Hi Team,
Using VMware Converter 6.4.0, are we able to convert Linux Cluster Physical Machine to vSphere ? Suggest the possibilities!
the supported Linux distributions and versions are quite specific. According to VMware's documentation, certain versions of CentOS and Red Hat Enterprise Linux (RHEL) are supported for source conversions, but not for reconfiguration. For instance, CentOS 6.x and RHEL 6.x are supported for conversions, but newer versions like CentOS 8.x and RHEL 8.x are not supported. Additionally, various versions of Ubuntu LTS are listed, with support for conversions for some older versions (e.g., 14.04, 16.04 LTS), but not for the newer ones (e.g., 18.04, 20.04, 22.04 LTS).
Here is the full list
There is a beta released on Jan 17th, for converter 6.6. It supports latest linux versions. Please try this.
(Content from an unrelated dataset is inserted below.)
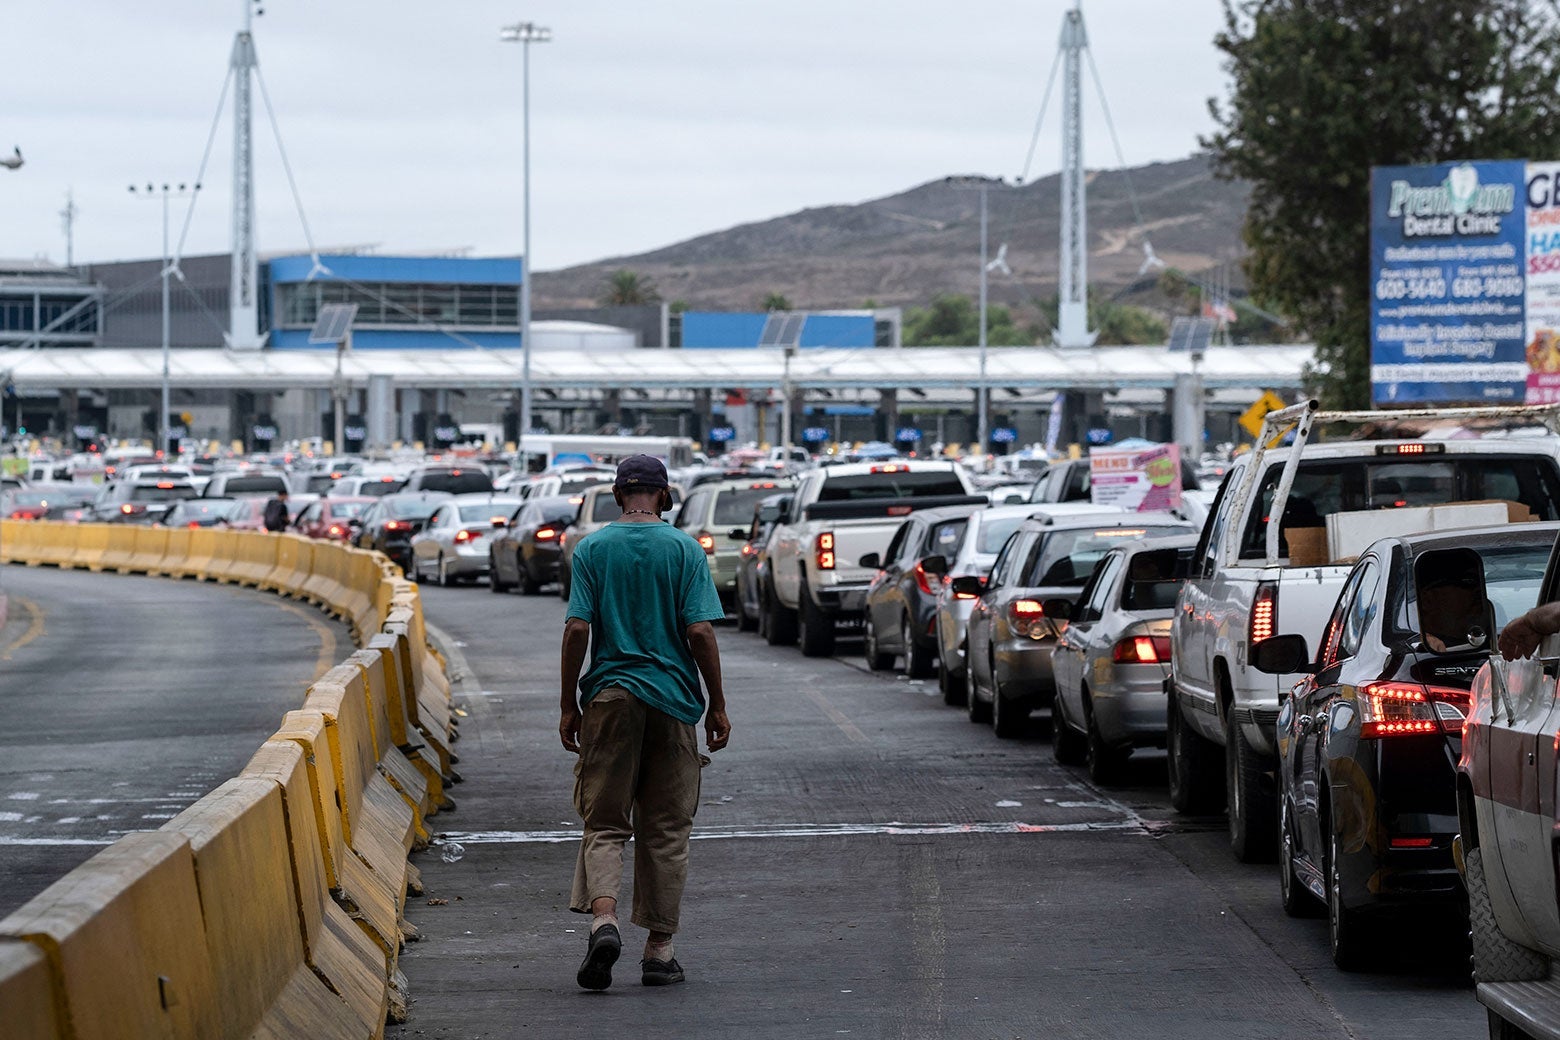 A man walks alone beside a line of cars stopped at the border crossing.

Need clarifications/ possibilities on "Physical Server- Linux Cluster" conversion to Virtual (vmware) environment!
can give more details about your cluster
generally, physical clusters are not important for VMware
it converts physical machine to virtual machine (including Linux - I have given the whole list above)
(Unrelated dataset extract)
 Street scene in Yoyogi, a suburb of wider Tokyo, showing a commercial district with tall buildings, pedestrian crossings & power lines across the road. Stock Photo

but if you have physical dependencies regarding your Linux cluster those should be introduced to vm environment also
if you can summarize your environment we can create more helpful answers fo you
@sdtslmn thank you for the prompt reply. Using Linux 2 node cluster (Cent OS 7) having MySQL database hosted in physical server. Planning to switch to VMware platform. Share the advisable way to convert platform for this infra
Hello @AjayRKumar
yes you can convert but after converting you need to connect your storage (you are using for your cluster)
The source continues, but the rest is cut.